▶ [Exercise objective] A faithful transcription of all the data, images excluded, is the required answer.

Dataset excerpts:
BEGIN

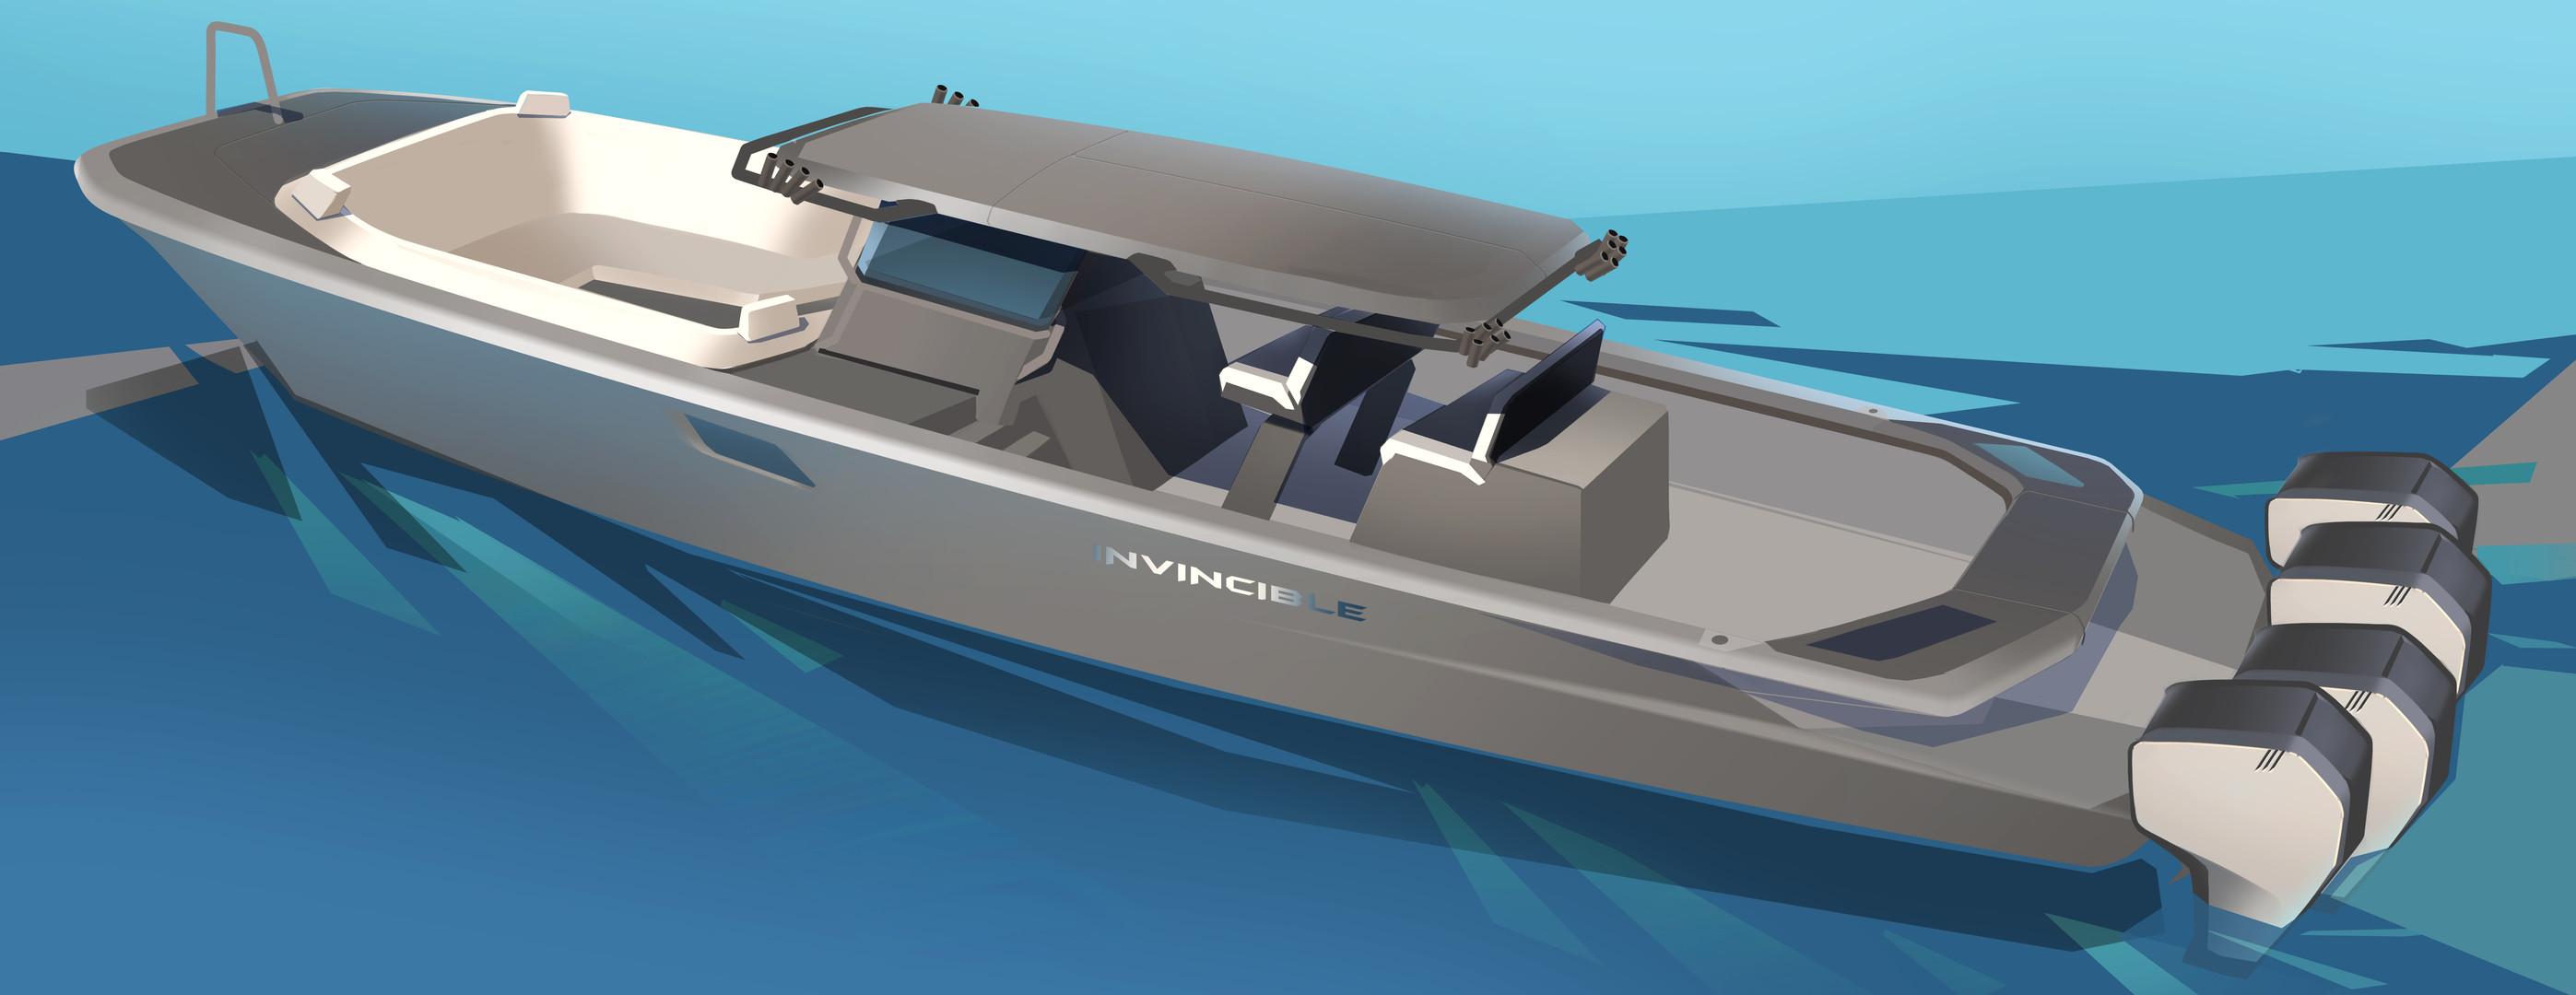 Boat theme render 1.jpg
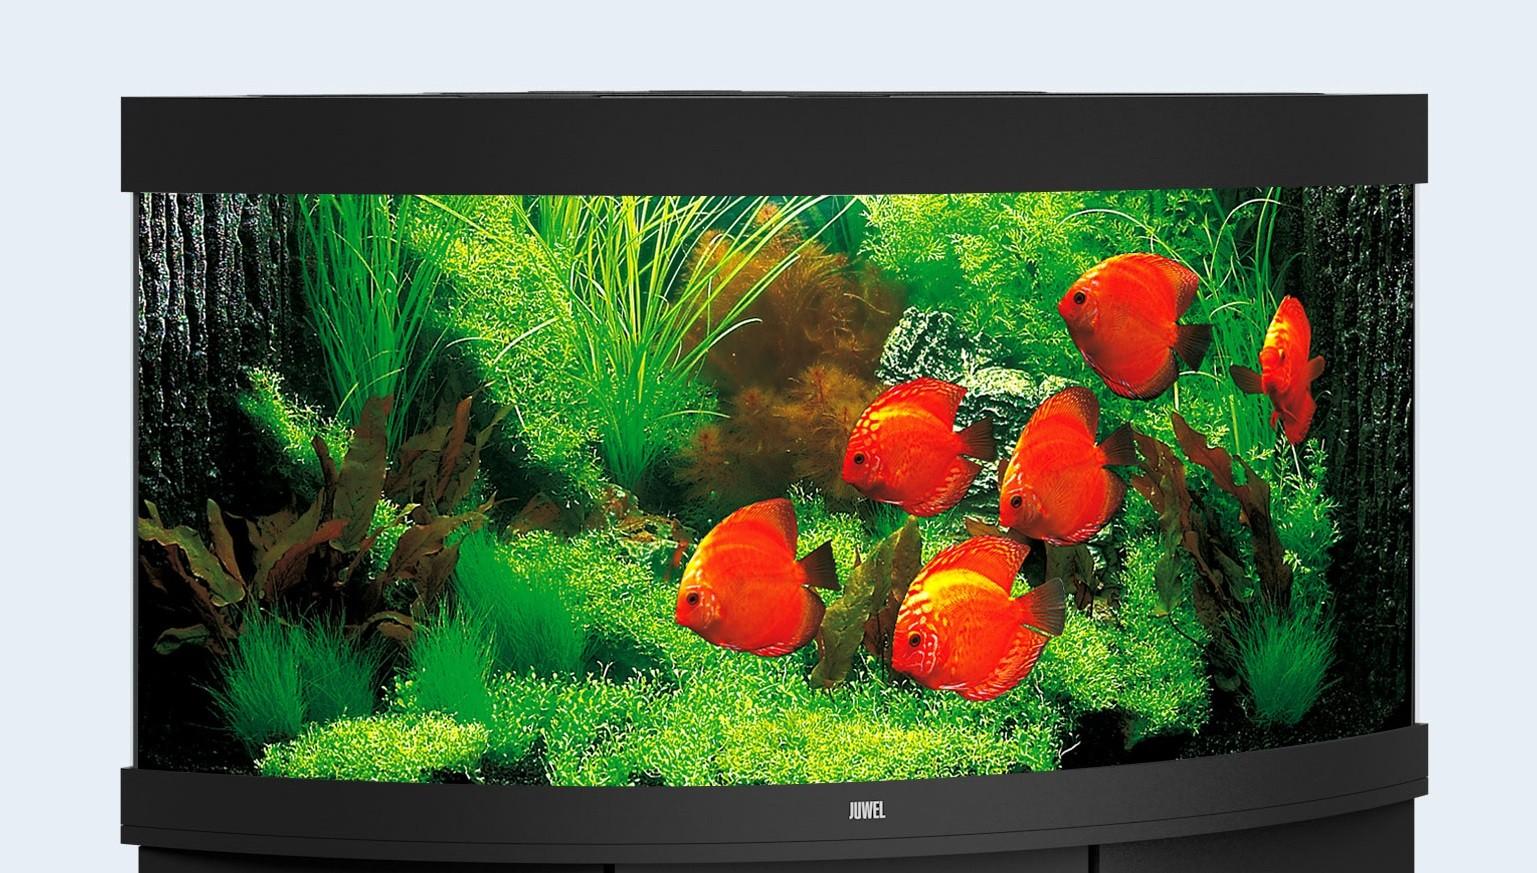 Juwel Trigon Akvarie 350 liter sort med Ledlys
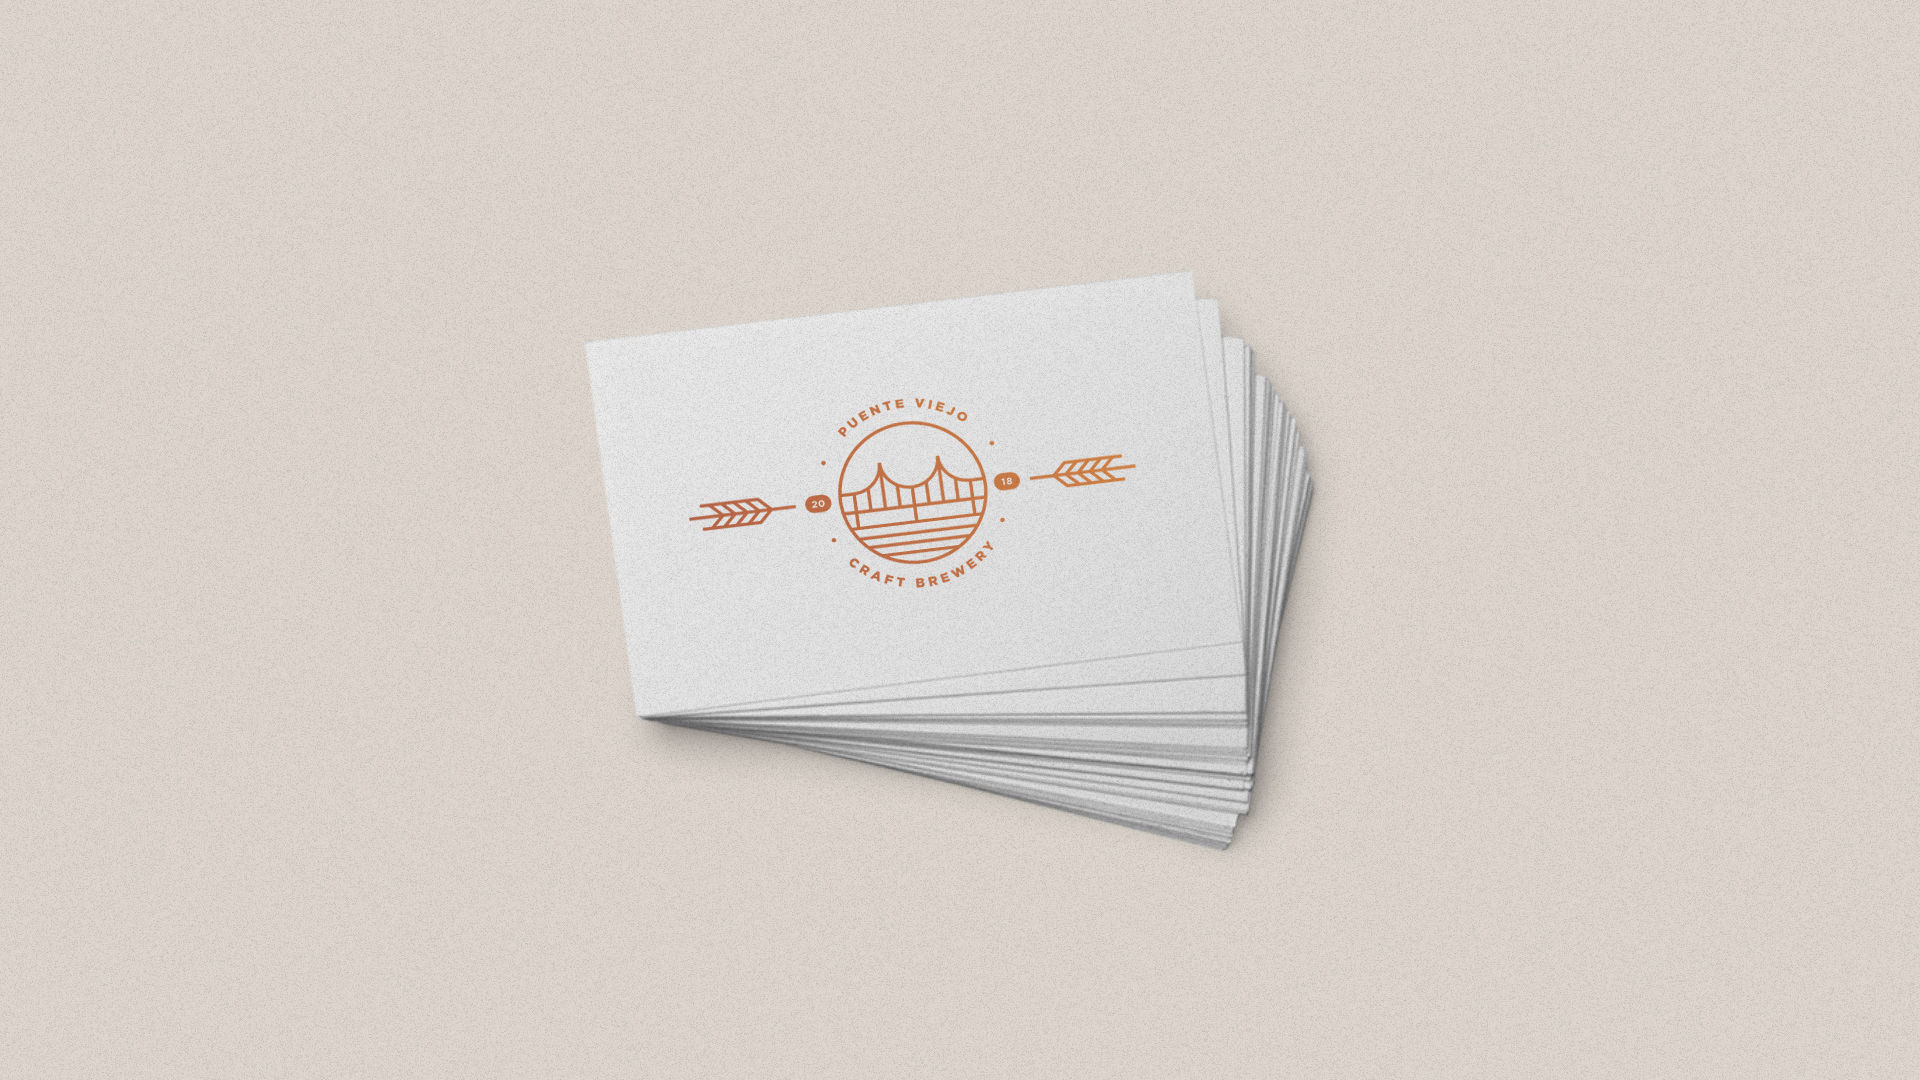 fmx_puenteviejo_tarjetas
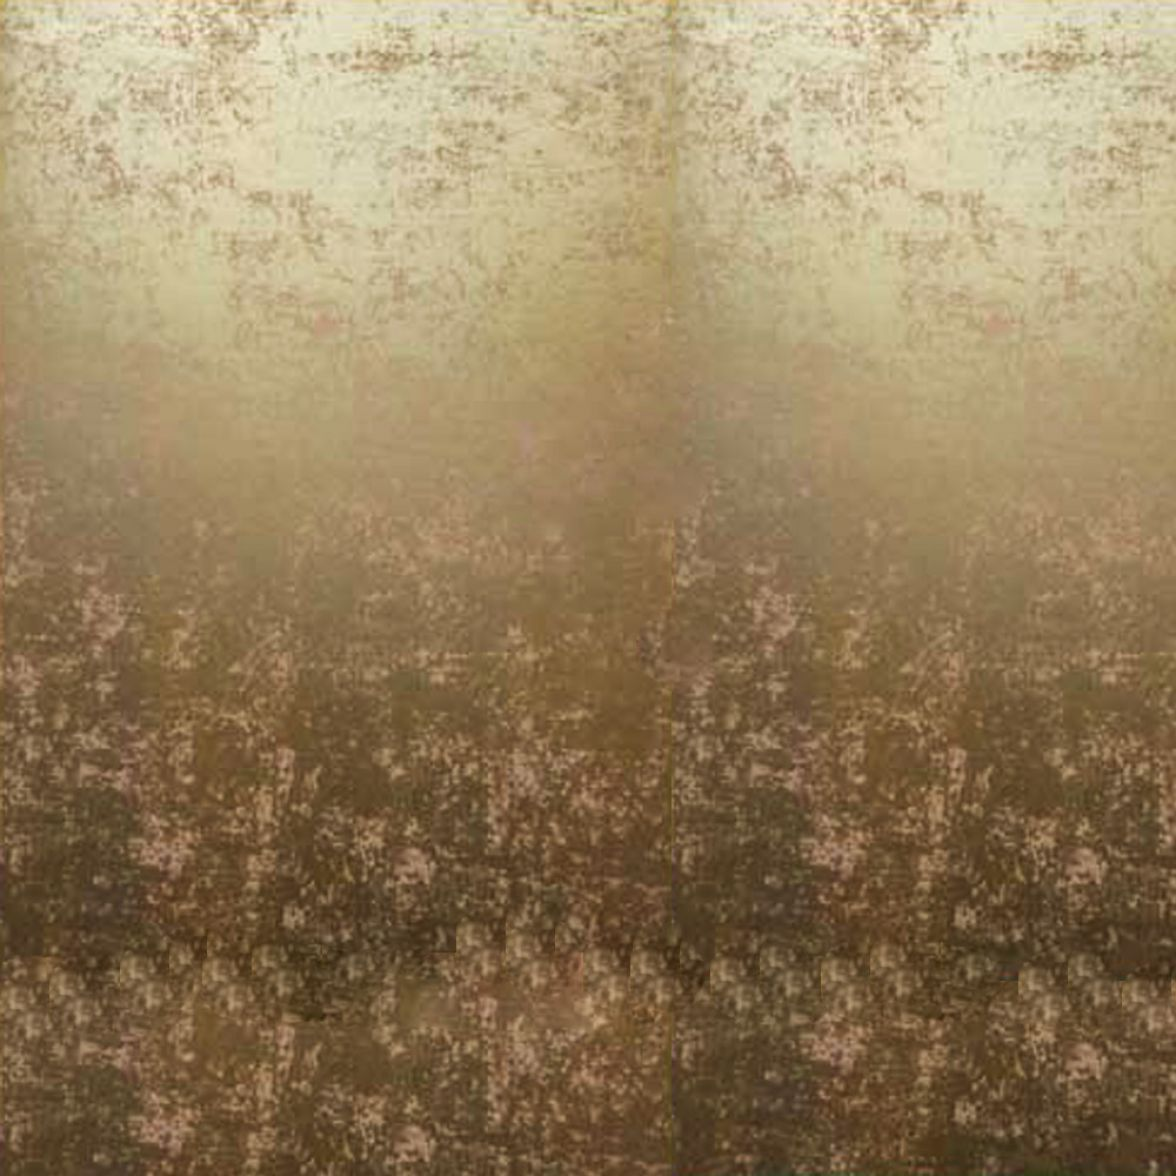 Murs Antiens Wallpapers
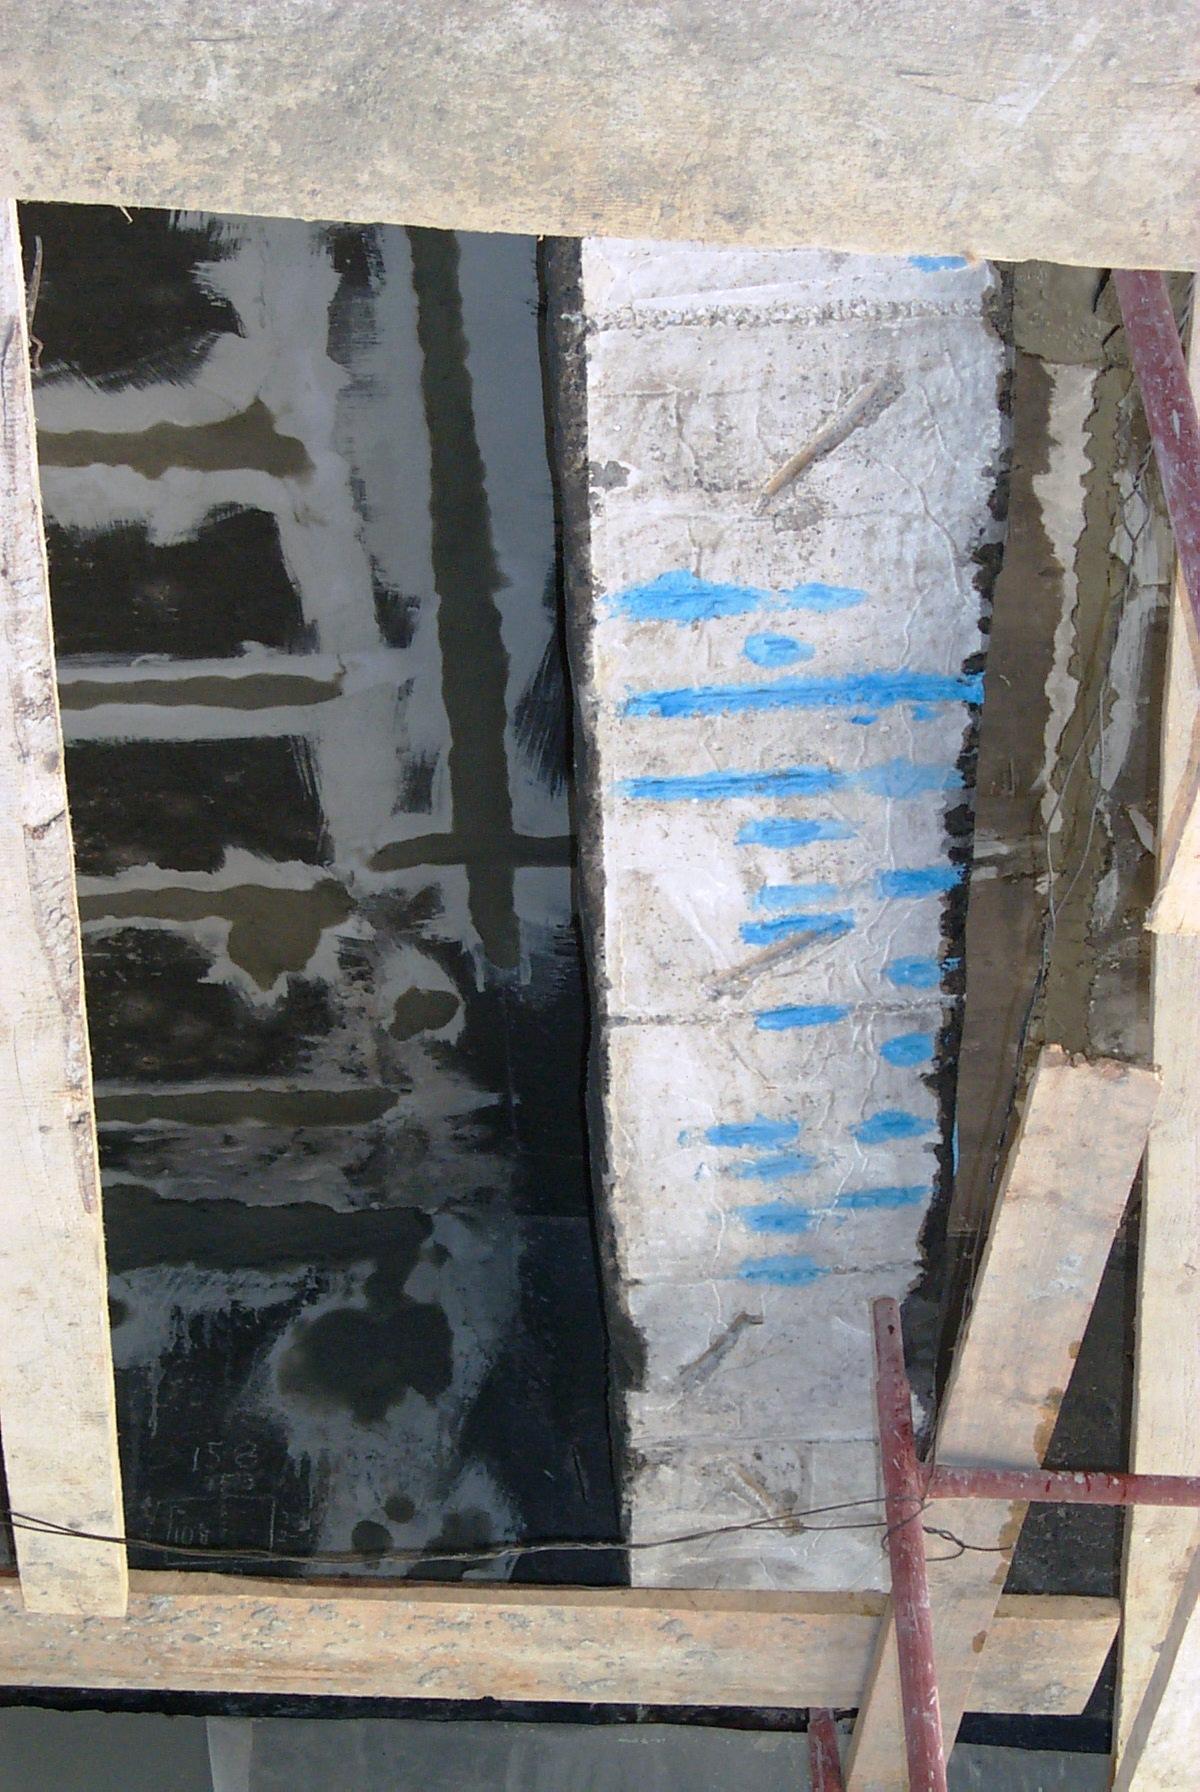 Reparatii pasaje km 11 si 13 pe A1 MAPEI - Poza 70

END

▶ [Answer space]
 Boat theme render 1.jpg
 Juwel Trigon Akvarie 350 liter sort med Ledlys
 fmx_puenteviejo_tarjetas
 Murs Antiens Wallpapers
 Reparatii pasaje km 11 si 13 pe A1 MAPEI - Poza 70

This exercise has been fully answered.